Commentary by Eoin Treacy

Can the gold industry return to the golden age?

Thanks to a subscriber for this report from McKinsey which may be of interest. Here is a section:

Eoin Treacy's view

Here is a link to the full report and here is a section from it: 

High-grading deposits accelerated depletion. In the face of falling gold prices and cost pressure, many companies resorted to high-grading deposits – especially those companies with lower-grade and more complex ore bodies where margins are more sensitive to gold prices. In simple terms, high-grading is the mining of the highest-grade zones of an ore body to provide short-term economic benefit with the assumption that the remaining areas will be mined as gold prices improve. However, the reality is often very different, as the remaining ore body becomes only marginally economic, resulting in loss of ounces to the reserve base. High-grading probably offers gold mining companies the most efficient option to decrease costs in the short term, but for some, the long-term implication is that significant current reserves and resources will be made uneconomical. McKinsey’s analysis shows that in 2016, approximately 60 percent of gold operations were mining with mill head grades above the mine’s reserve grade. While mine sequencing may provide the explanation in some cases, in large part this practice was deliberately designed to increase cash flows and keep operations in the black. Significant operations where high-grading has been observed include Granny Smith, Cerro Negro, and Turquoise Ridge. It is estimated that approximately 100 to 200 tons of additional metal was produced by the gold industry as a result of high-grading at the expense of reserves over the period between 2012 to 2016.

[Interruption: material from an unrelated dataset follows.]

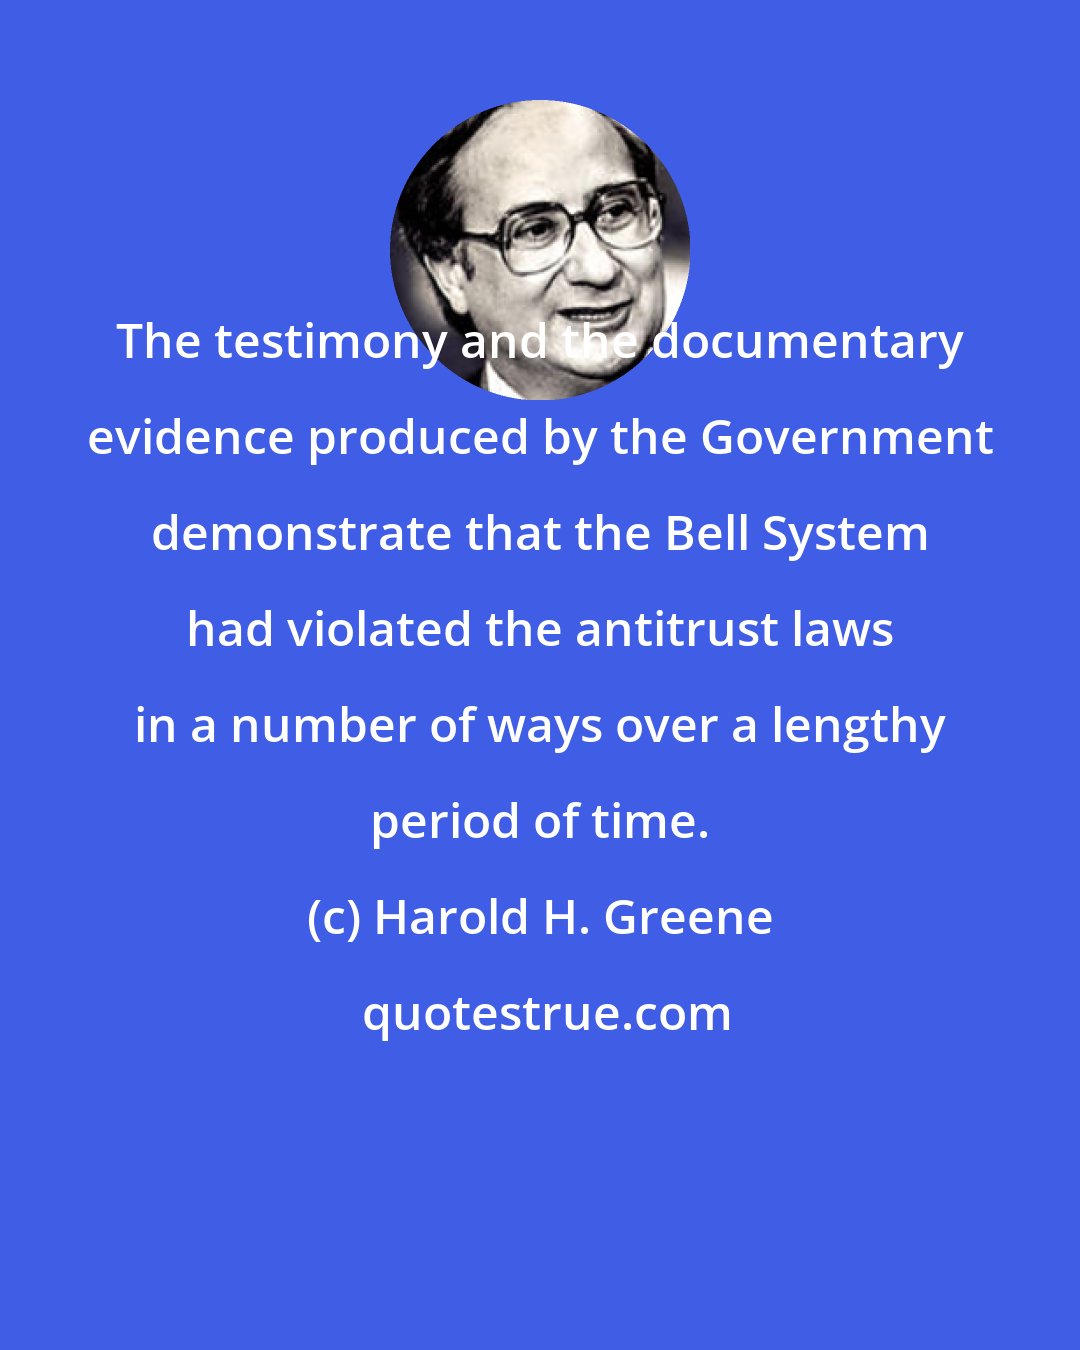 Harold H. Greene: The testimony and the documentary evidence produced by the Government demonstrate that the Bell System had violated the antitrust laws in a number of ways over a lengthy period of time.

Miners of all hues are in the extraction business and that comes at a cost which varies based on both internal and external factors. When the commodity price is low, they have no choice but to mine the richest ore bodies available because to do otherwise would likely lead to insolvency. When prices rise, they engage in M&A activity because they have to replace that ore because grades have deteriorated.

There has been an uptick in M&A activity recently but this has been sporadic and is more about consolidation of large operations than improving average grades. Acquisitions of smaller miners with promising reserves has not yet occurred because executives are still shy about making bets amid a price environment which is still unproven. When/if gold sustains a move above $1400, it would be natural to expect M&A activity to pick up.

Right now, gold is steady in the region of the trend mean but needs to at least rally enough to break the short-term sequence of lower rally highs to signal a return to demand dominance.